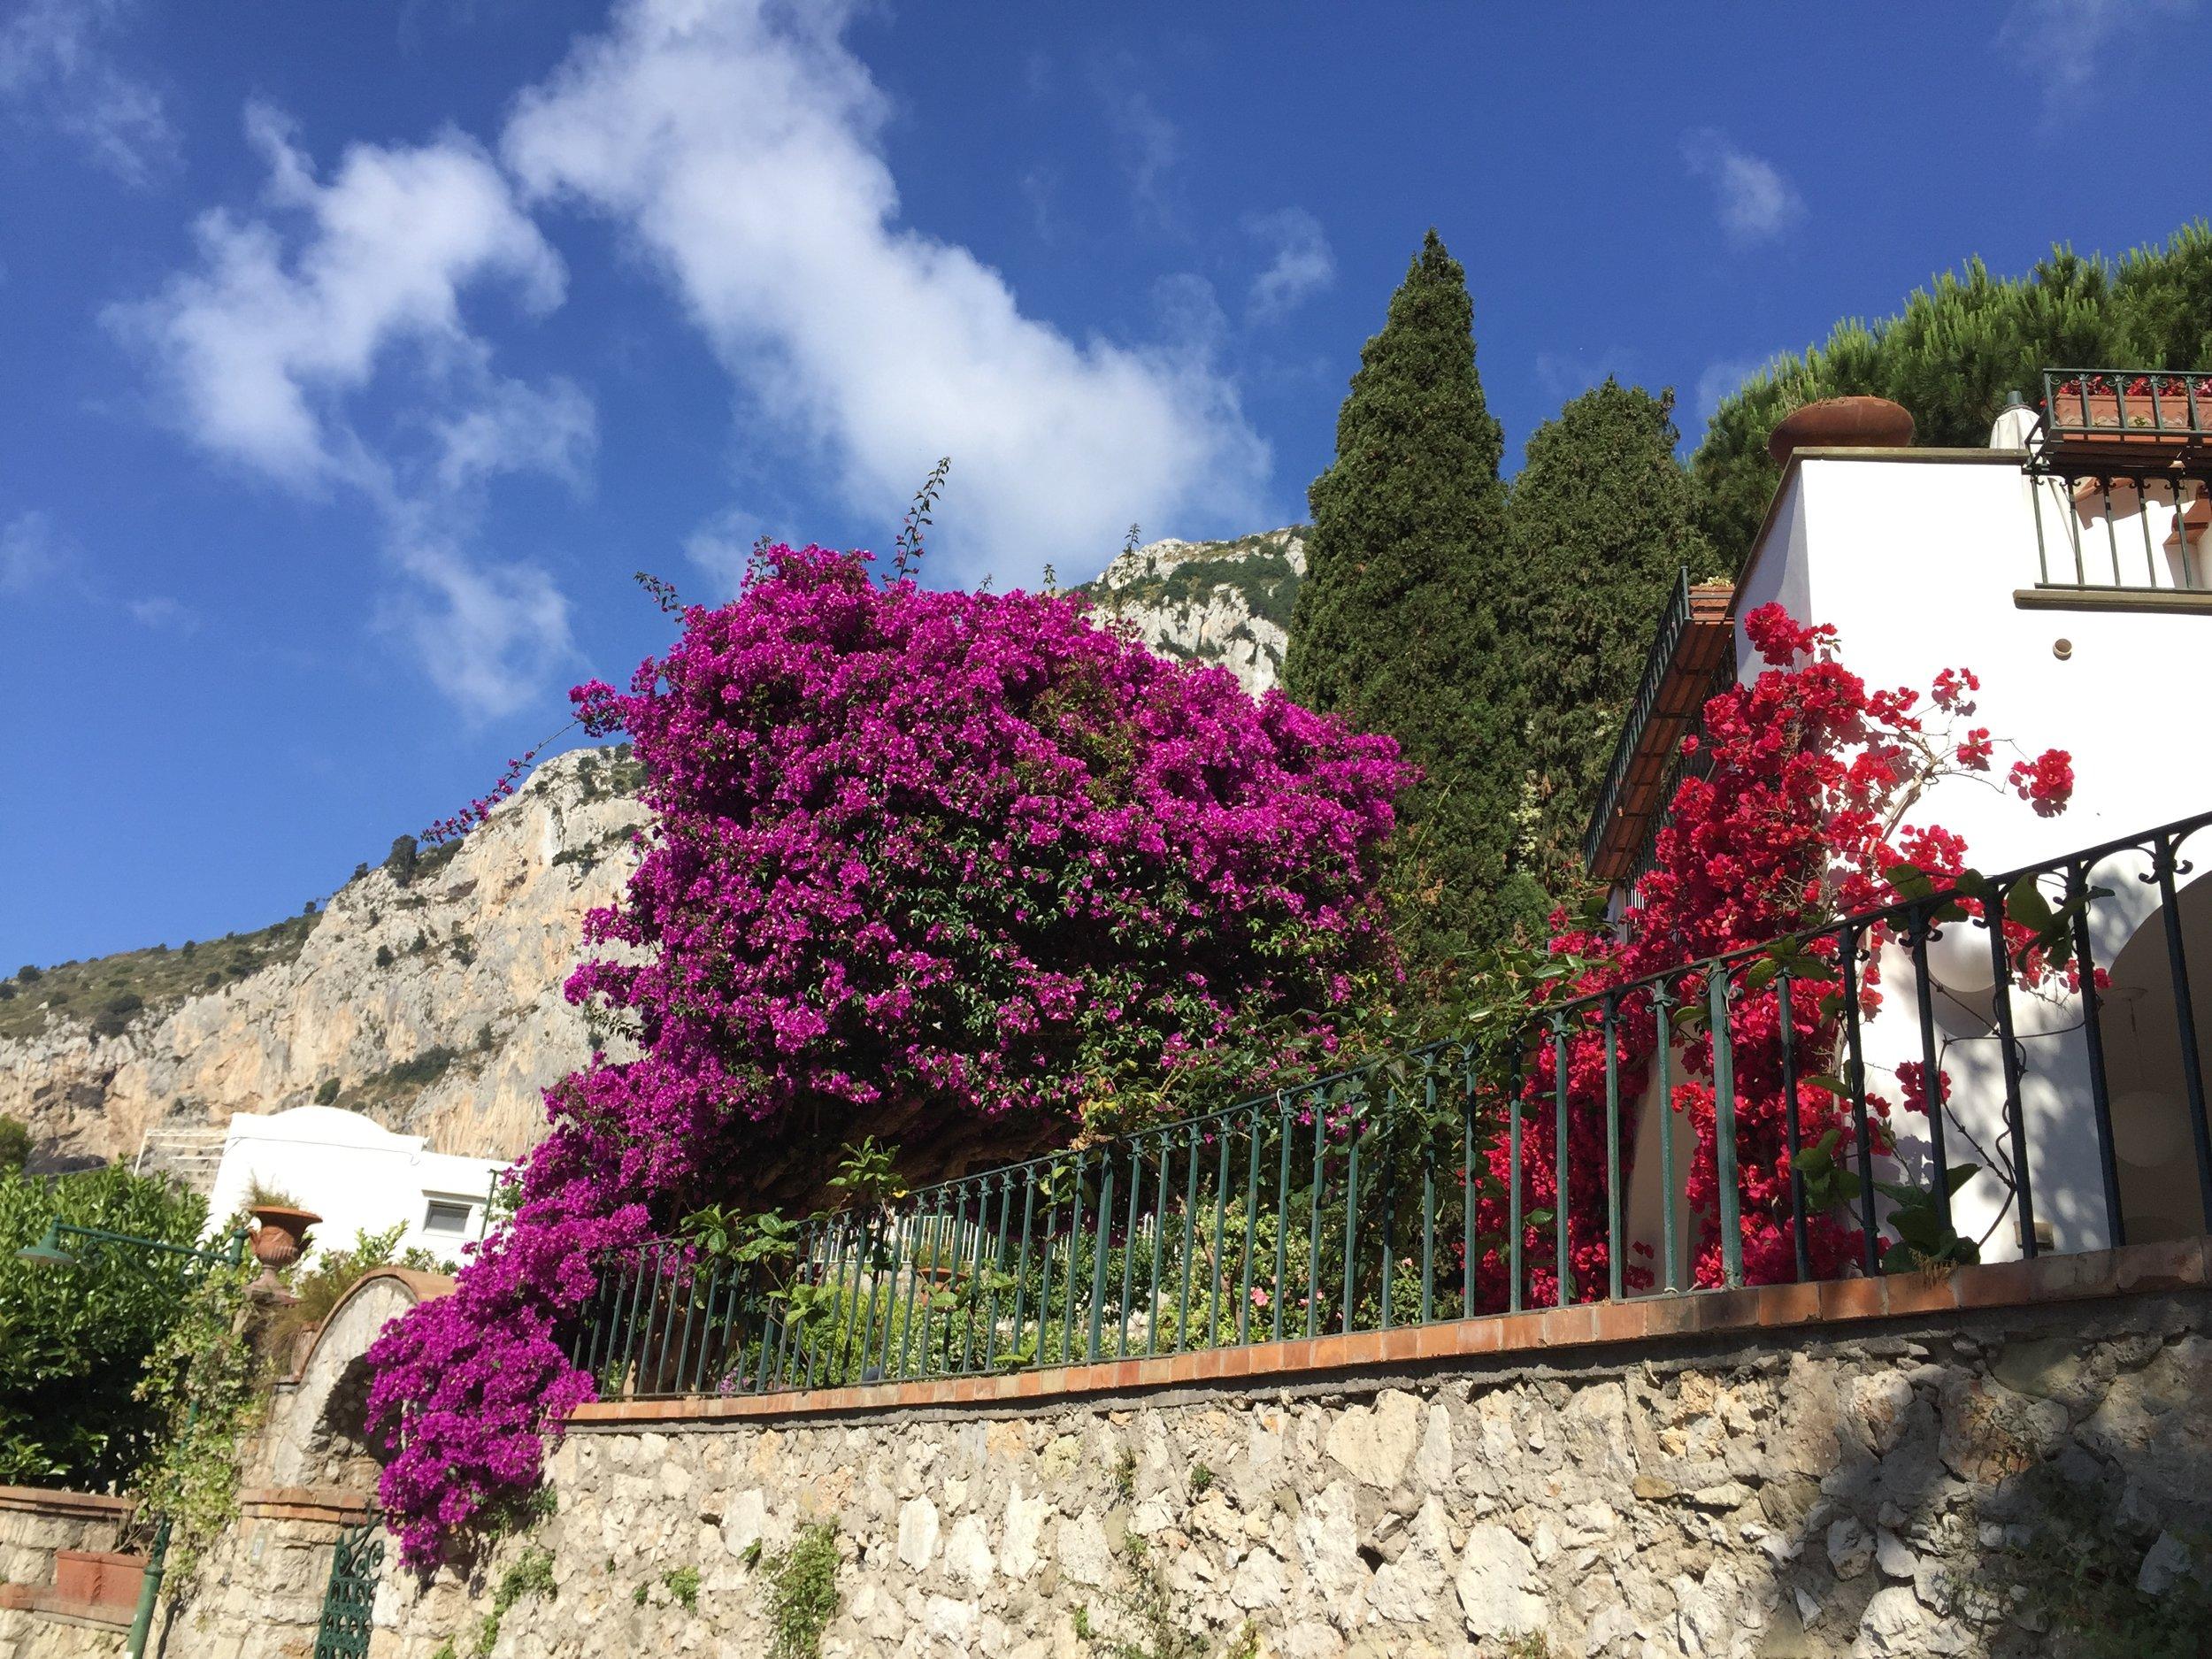 Flowers in Capri
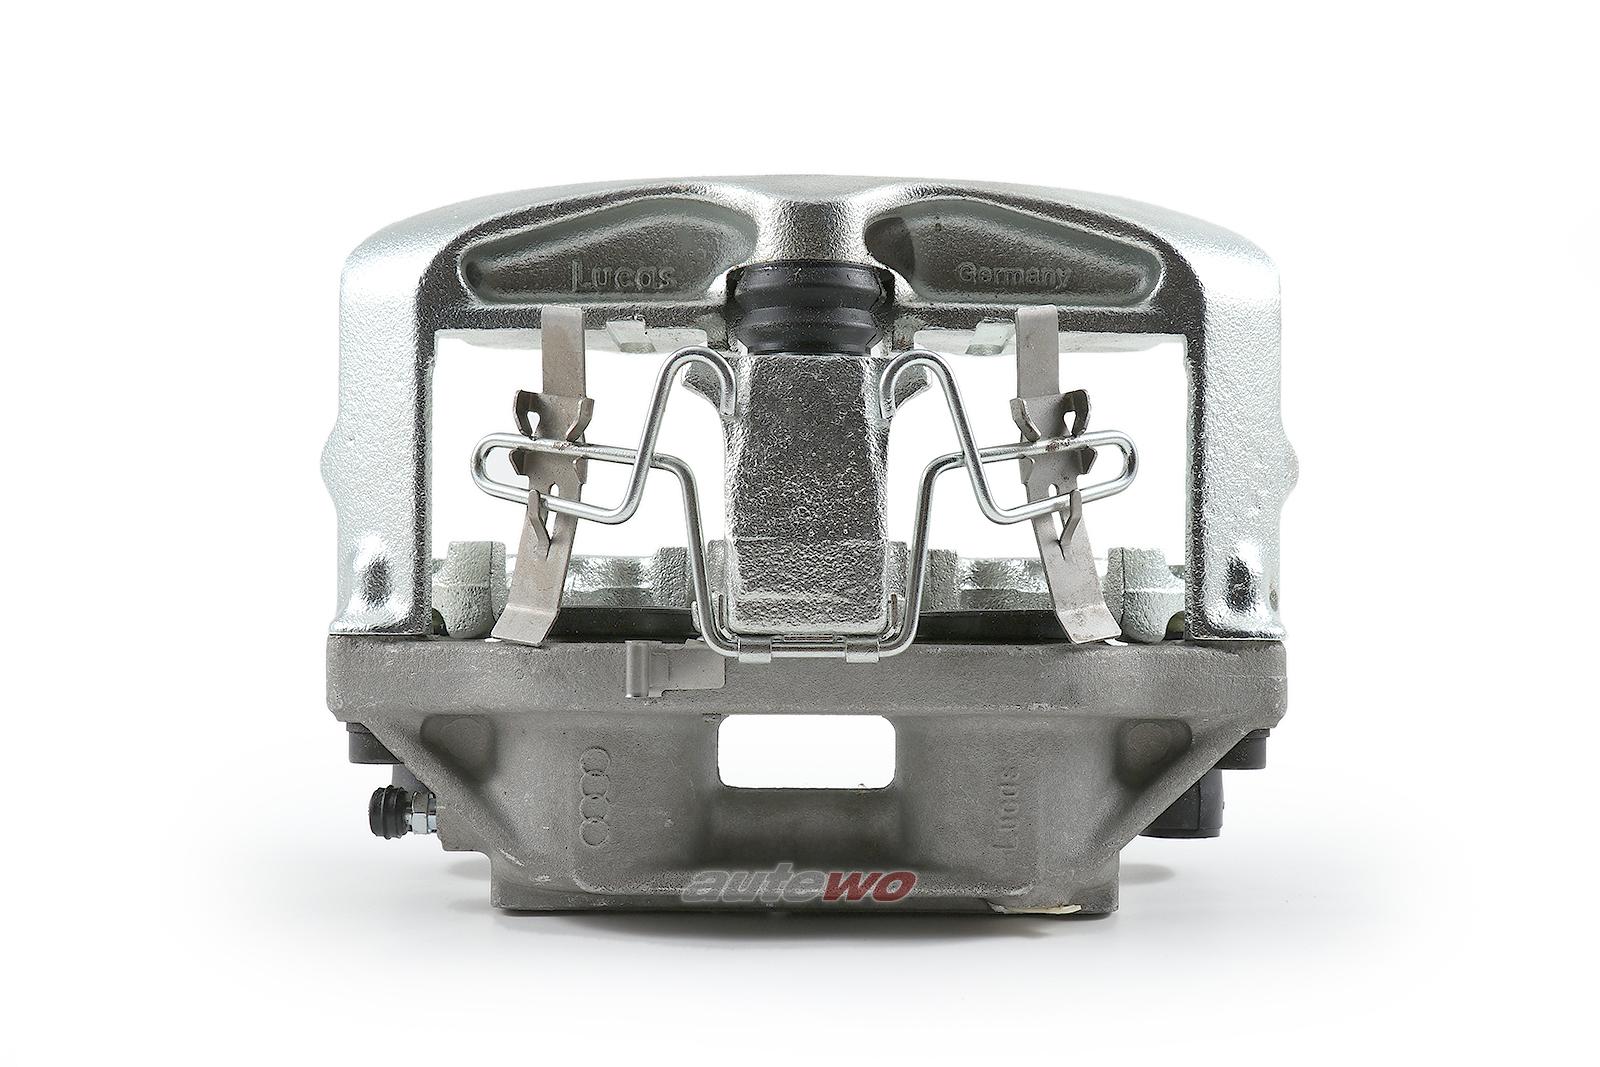 #4B0615108B Audi S4 B5/A6 4B/A8 D2 HP2 Bremssattel 323x30mm Vorne Rechts
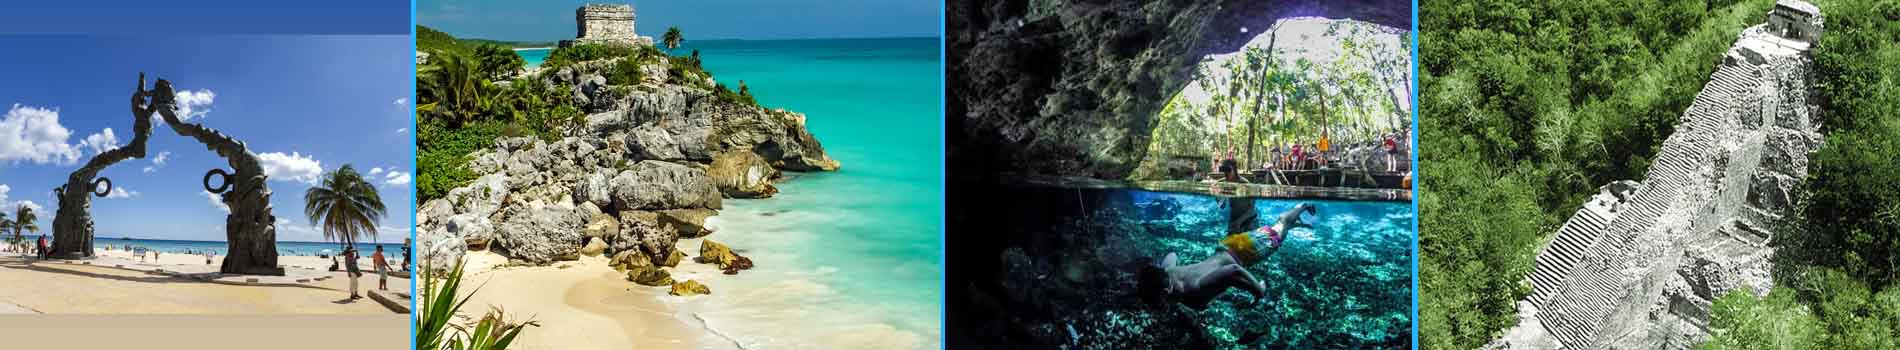 Tour a Tulum Coba desde Cancun
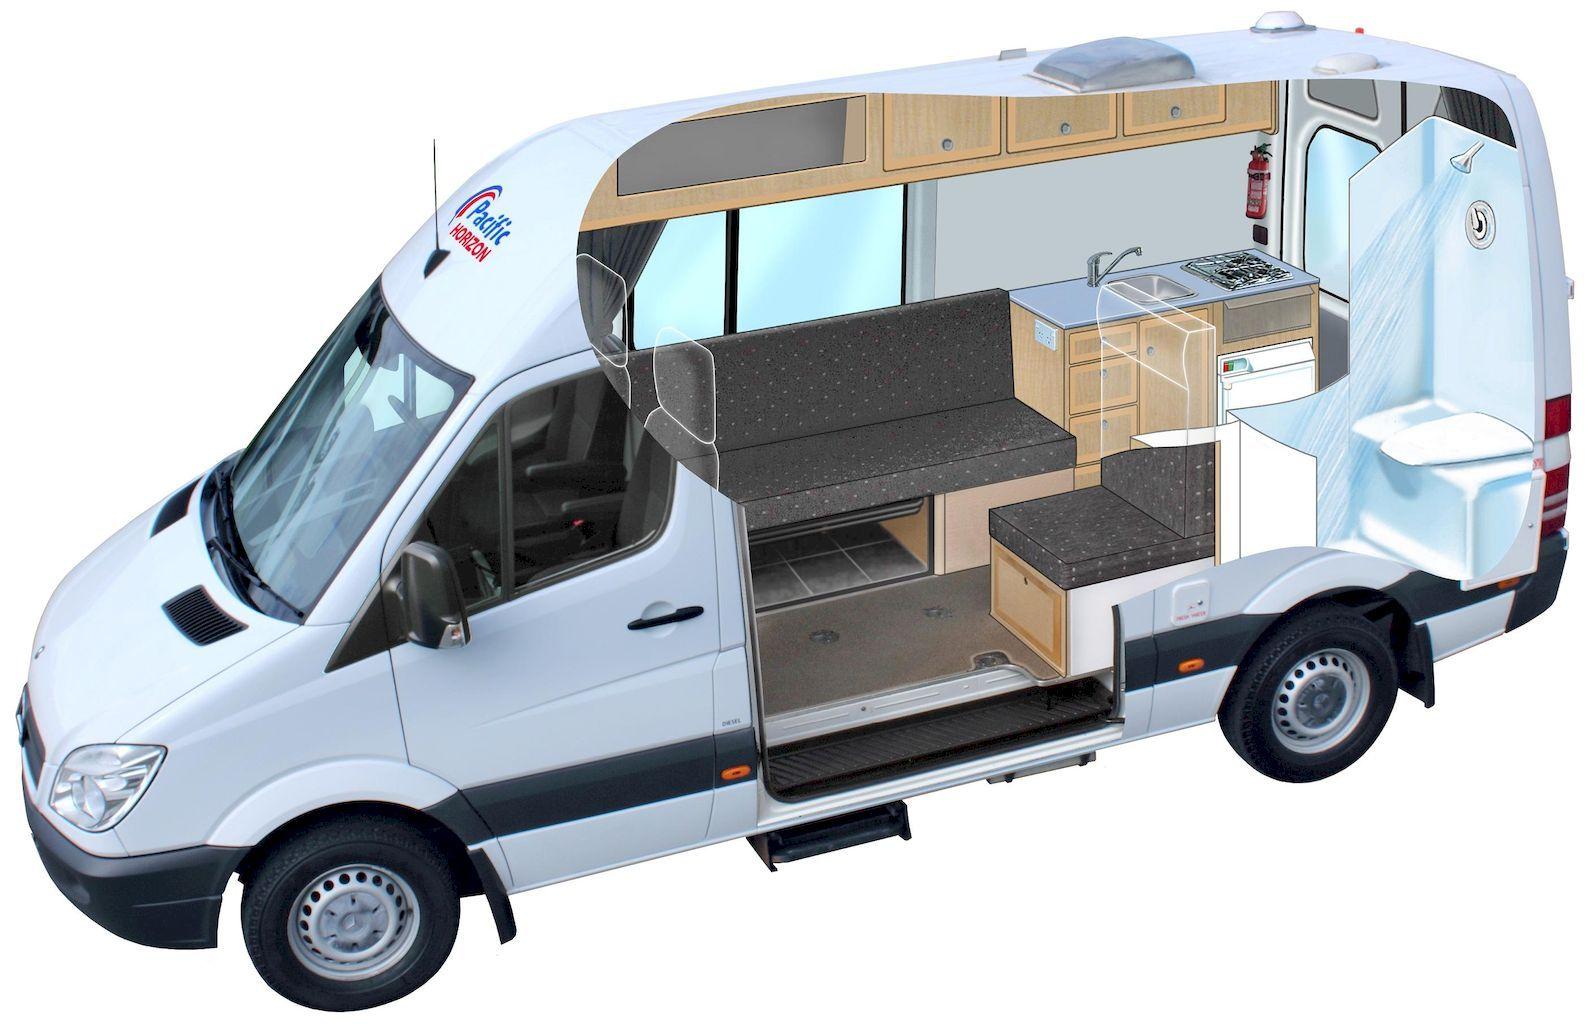 40 Smart Low Budget RVs Van Conversion Ideas
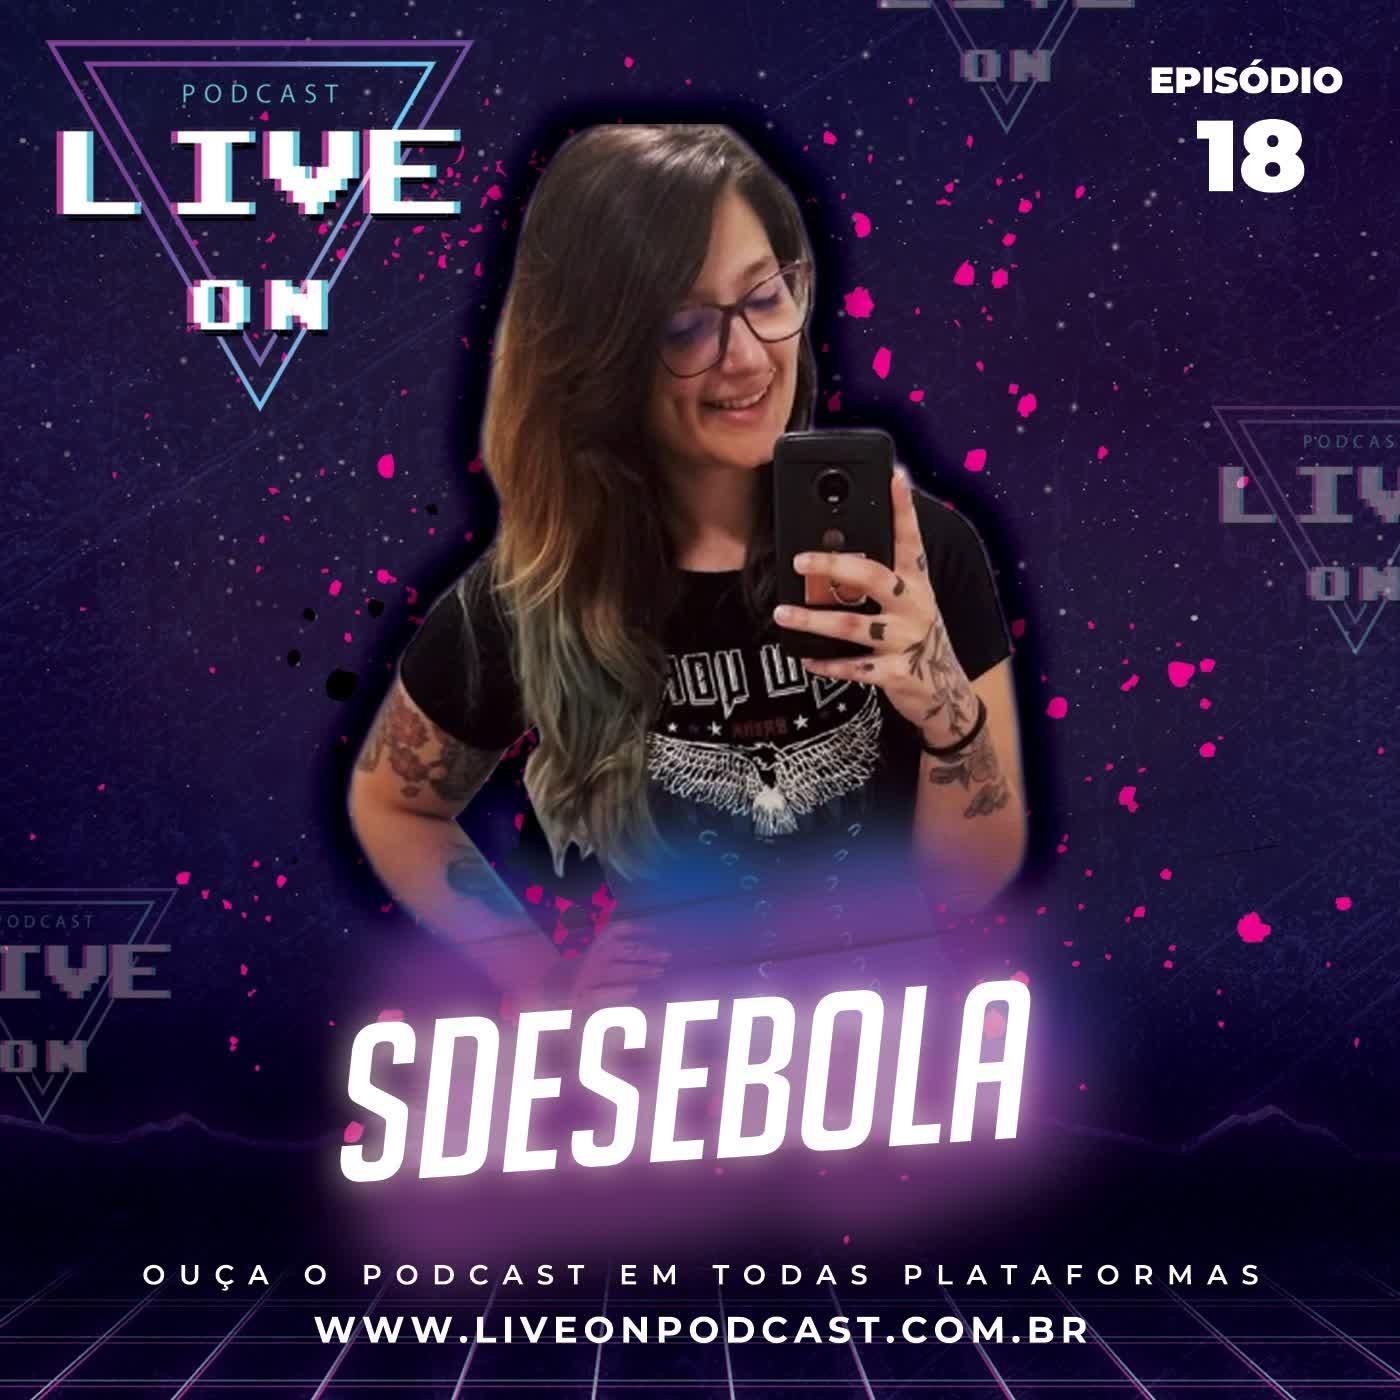 Live On Podcast - Convidada: S de Sebola - Episódio 18
—————
_WHAT IS BEING ASKED_
A word-for-word retyping of the material above is expected, without pictures.

_EXPECTED ANSWER_
 Flowers in Capri
 #4B0615108B Audi S4 B5/A6 4B/A8 D2 HP2 Bremssattel 323x30mm Vorne Rechts
 Tour a Tulum Coba desde Cancun
 40 Smart Low Budget RVs Van Conversion Ideas
 Live On Podcast - Convidada: S de Sebola - Episódio 18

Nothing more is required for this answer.